Data excerpt —

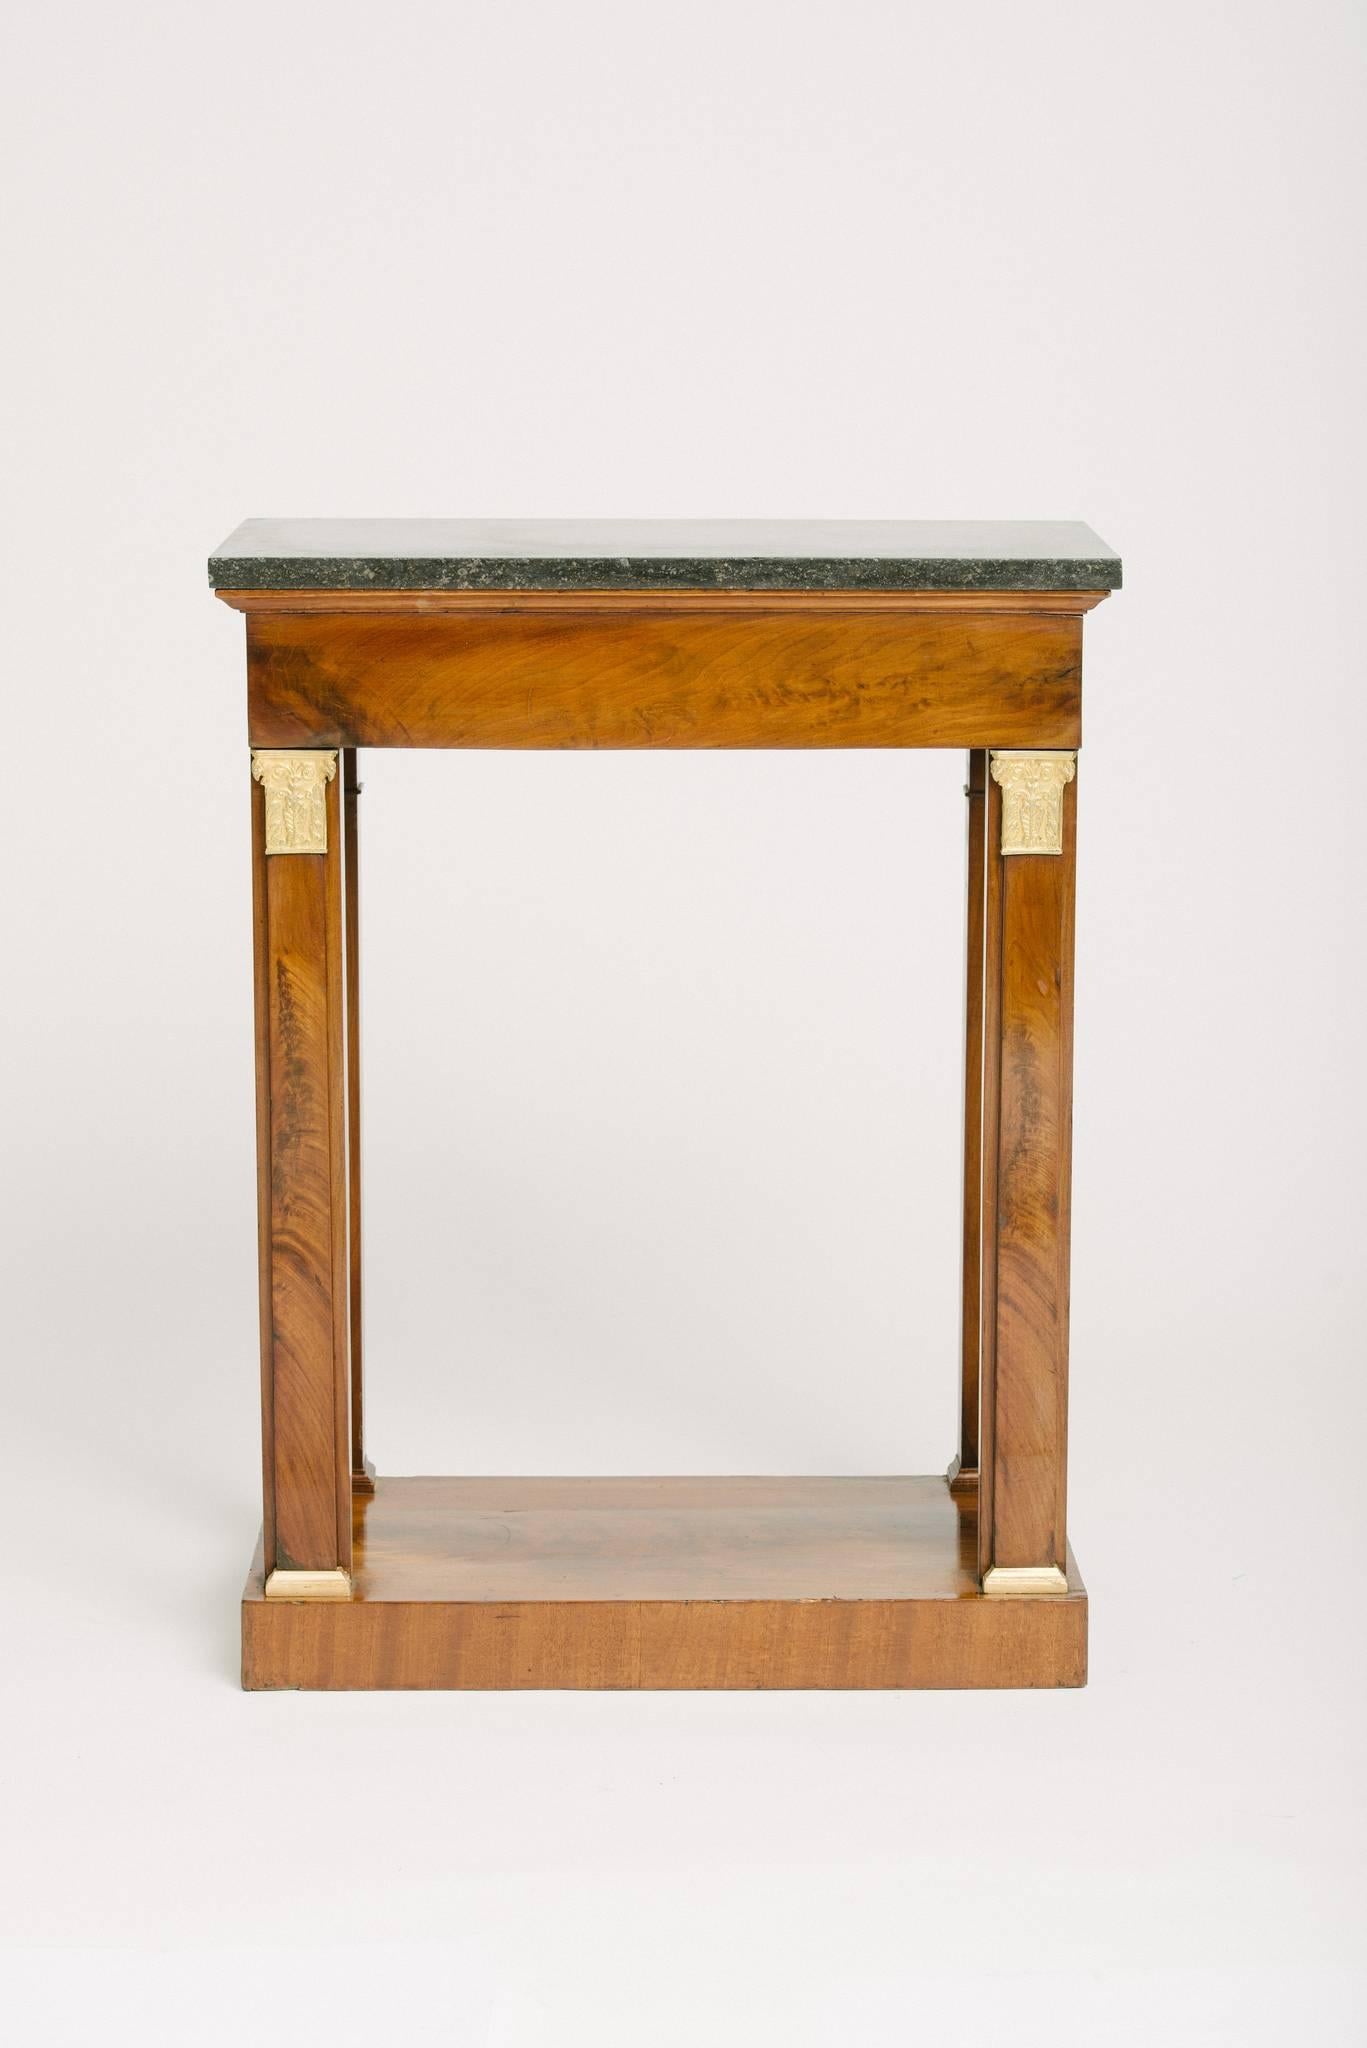 19th century French restoration walnut single drawer console table with black marble-top and gilt ormolu detail.
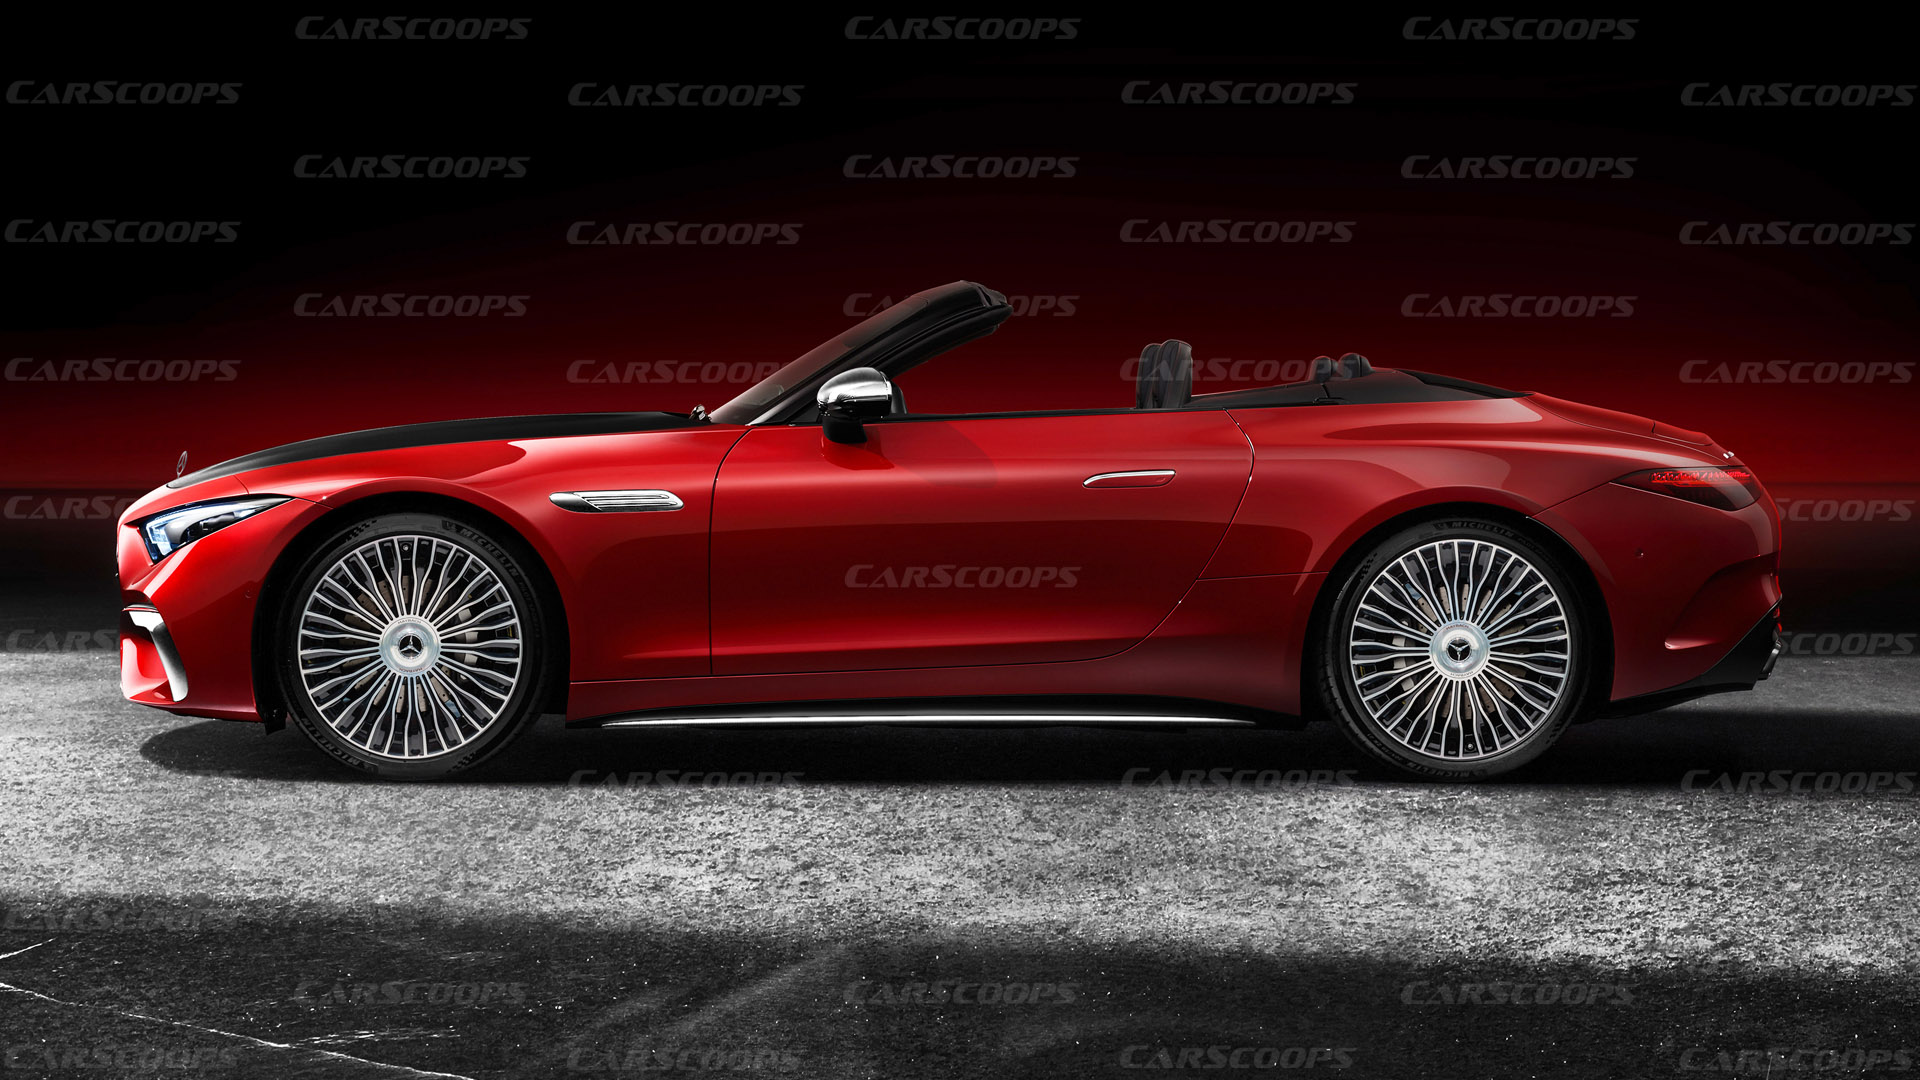 Mercedes-Maybach SL: Here's What To Expect From The Flagship
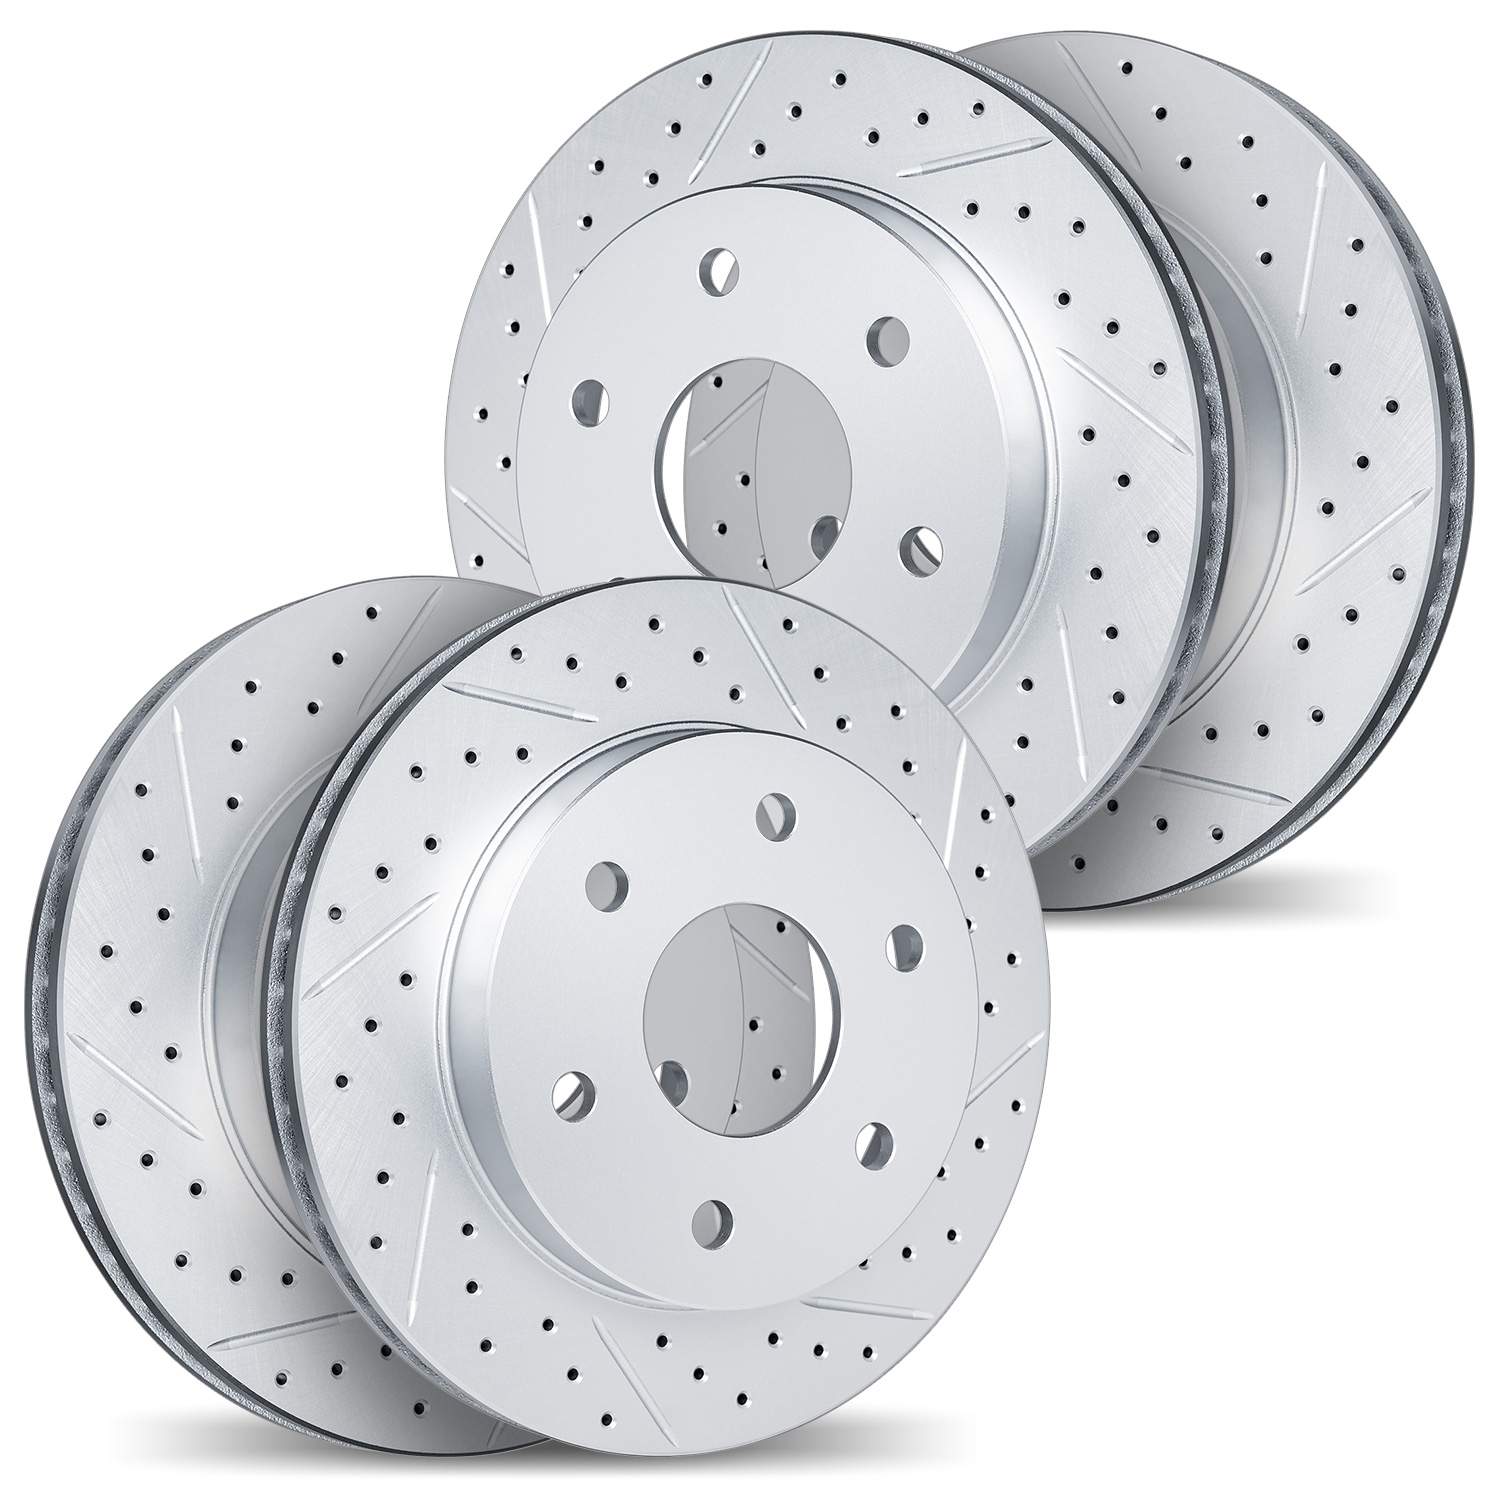 2004-76066 Geoperformance Drilled/Slotted Brake Rotors, 2001-2007 Lexus/Toyota/Scion, Position: Front and Rear
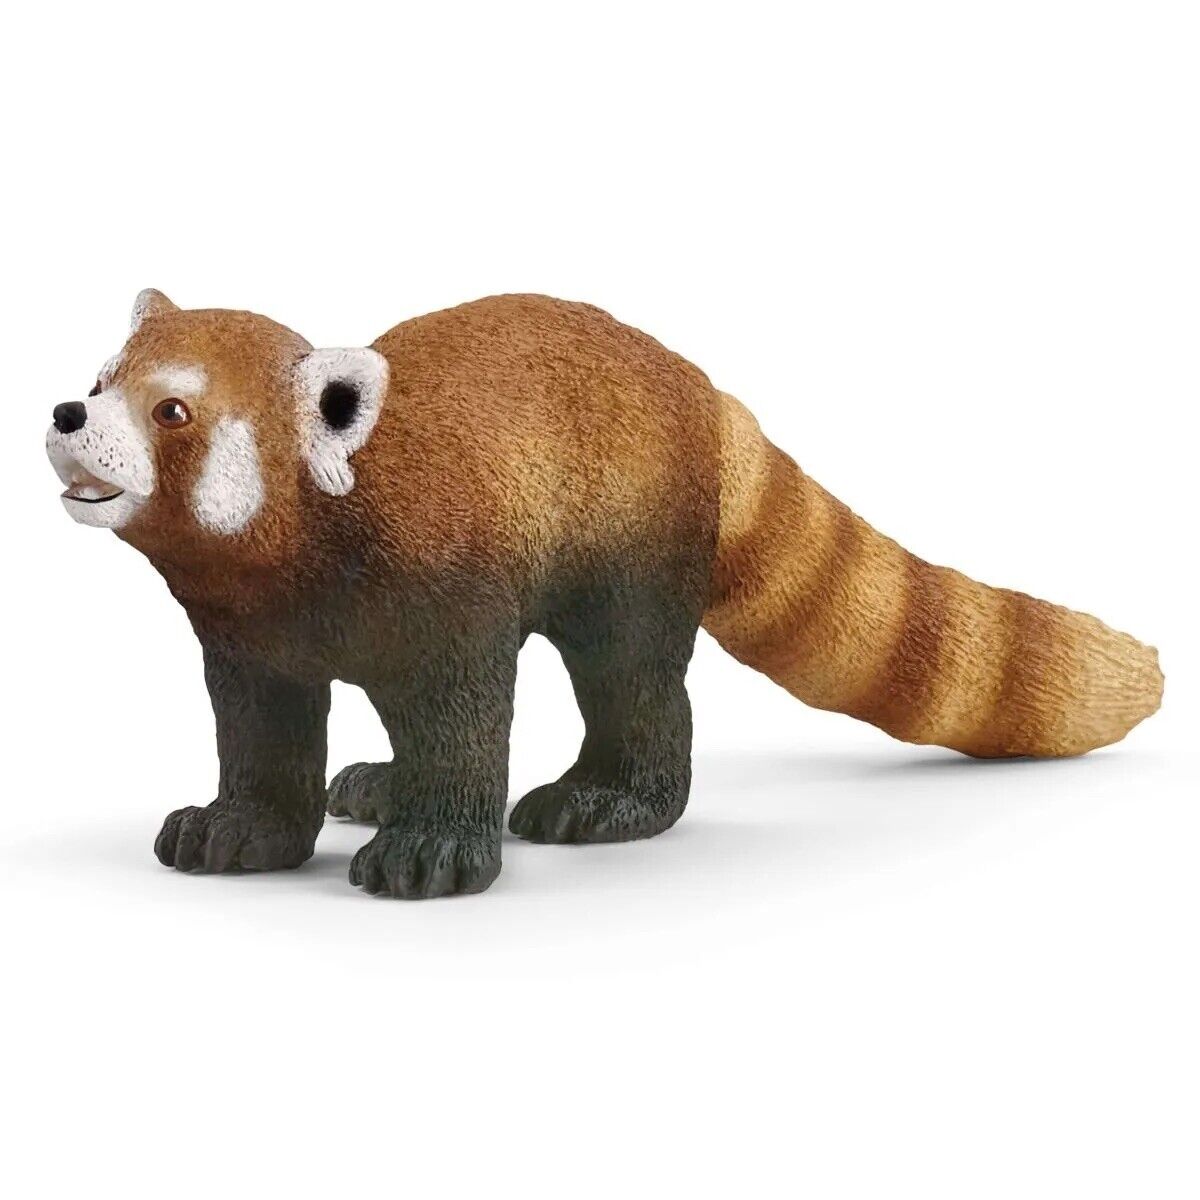 Schleich 14833 Red Panda Plastic Figure collectible BRAND NEW!

The task — All lines from the one containing "2004-76066 Geoperformance Drilled/Slotted" to the last line of the data above, both included, should be printed exactly, and the pictures should not appear.

Completed task —
 2004-76066 Geoperformance Drilled/Slotted Brake Rotors, 2001-2007 Lexus/Toyota/Scion, Position: Front and Rear
 Schleich 14833 Red Panda Plastic Figure collectible BRAND NEW!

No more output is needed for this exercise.